Limitations & Future Work

  • Only uniform quantization was explored; it has not been combined with vector quantization (e.g., AQLM/QuIP#)—AQLM remains competitive at 2-bit.
  • Block-AP still requires block-wise full-precision forward passes, meaning memory might still be insufficient for ultra-large models (700B+).
  • Activation quantization (WAQ) has not been explored; the work only conducts weight quantization.
  • Sensitivity analysis on the choice of calibration data and training hyperparameters is insufficient.
  • vs OmniQuant (Shao et al., 2023): OmniQuant trains clipping parameters block-wise, which restricts its optimization space.
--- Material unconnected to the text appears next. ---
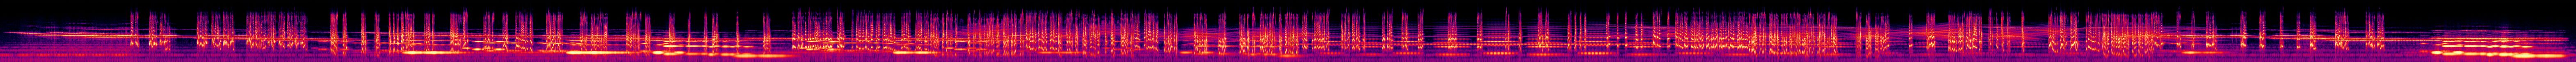 The Afterlife - 2 - Spectrogram.jpg
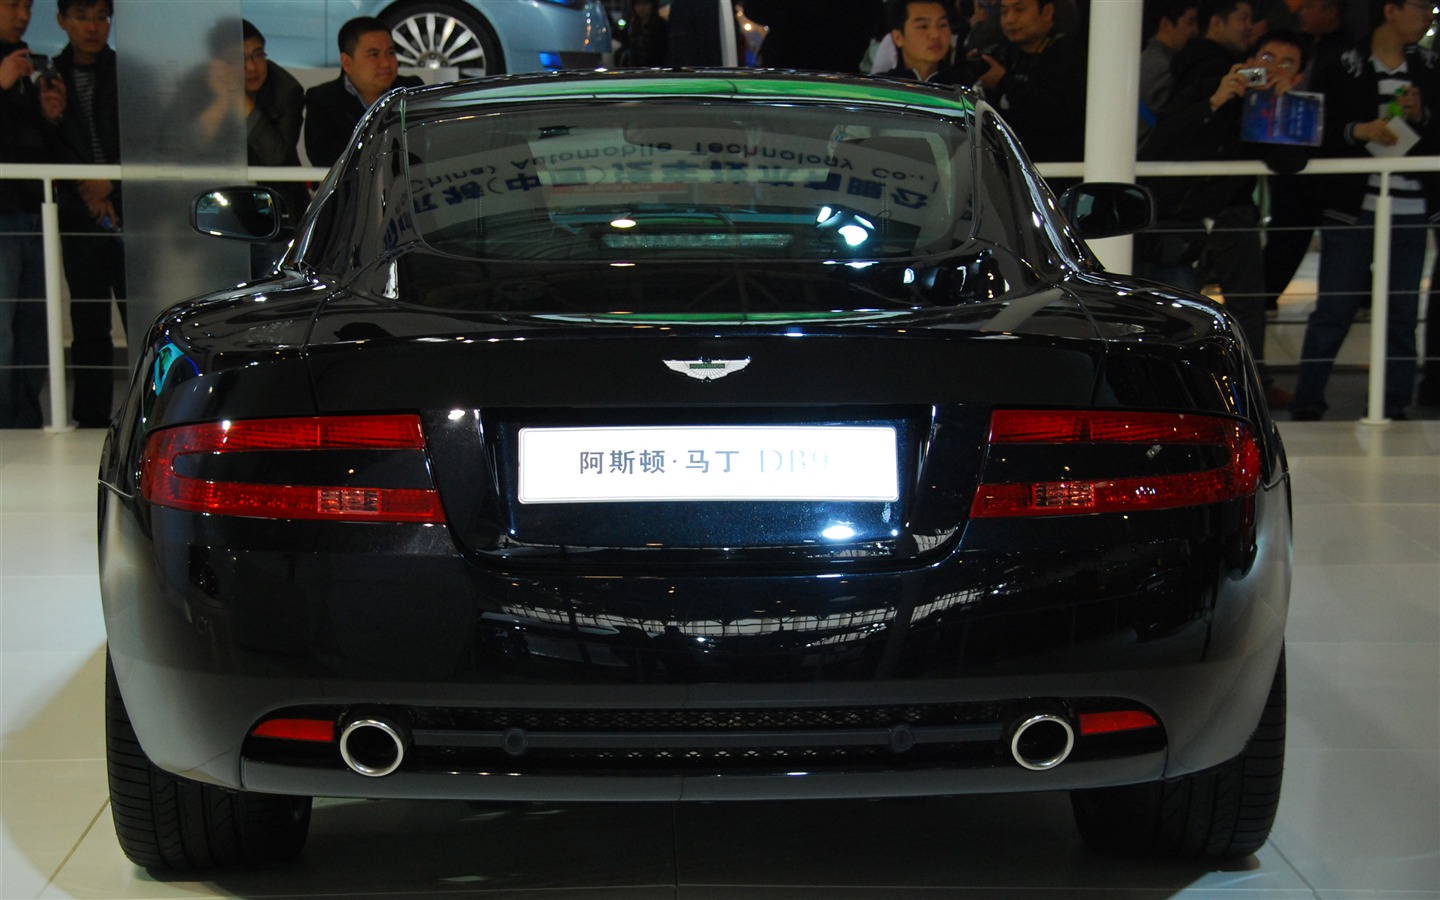 2010北京国际车展(一) (z321x123作品)30 - 1440x900

EfficientQAT's Block-AP trains all parameters, outperforming it by 12+ points at 2-bit.
  • vs BitNet b1.58 (Ma et al., 2024): BitNet belongs to vanilla QAT trained from scratch, whereas EfficientQAT is an efficient QAT on pre-existing models, making it more widely applicable.
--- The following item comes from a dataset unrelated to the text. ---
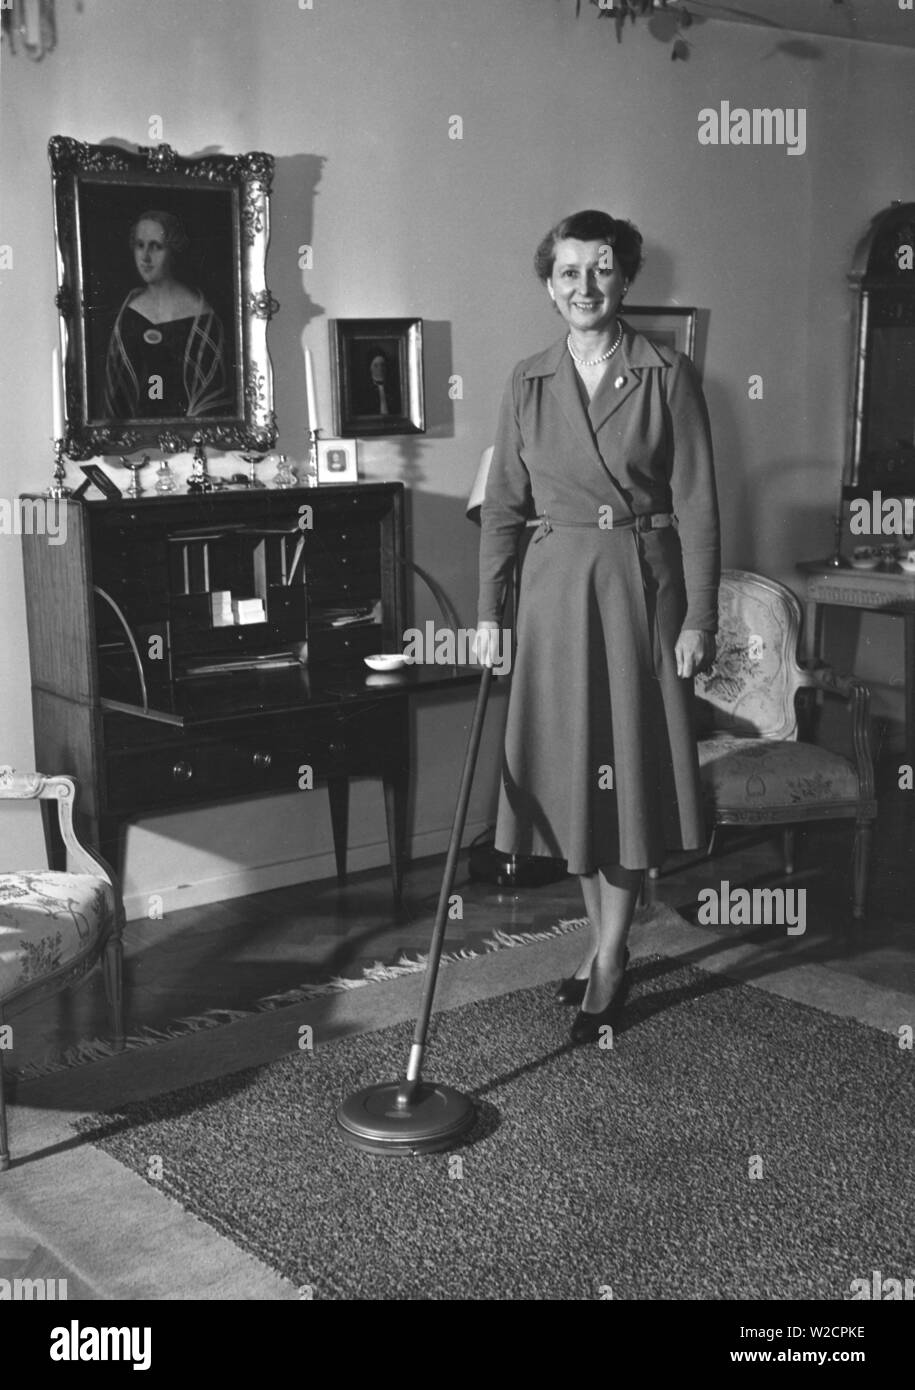 Journée de nettoyage dans les années 1950. Une femme au foyer est la démonstration de la dernière version de l'appareil de nettoyage pour nettoyer les tapis. Suède 1950 Banque D'Images

  • vs PEQA (Kim et al., 2023): PEQA only trains step sizes end-to-end (lacks Block-AP initialization), making recovery difficult when starting from RTN. EfficientQAT's Block-AP provides a critical, high-quality initialization.

Rating

  • Novelty: ⭐⭐⭐⭐ The two-stage decomposition logic is clear. Although Block-AP's "all-parameter training" is simple, it is proposed and proven effective for the first time.
  • Experimental Thoroughness: ⭐⭐⭐⭐⭐ Evaluated across scales from 7B to 70B, other low-bit scenarios (2/3/4-bit), covering base, instruction-following, and multimodal scenarios, with a comprehensive ablation study.
  • Writing Quality: ⭐⭐⭐⭐ Clear and precise, with detailed method descriptions.
  • Value: ⭐⭐⭐⭐⭐ Highly practical, achieving 2-bit QAT for a 70B model on a single GPU provides a genuinely deployable solution.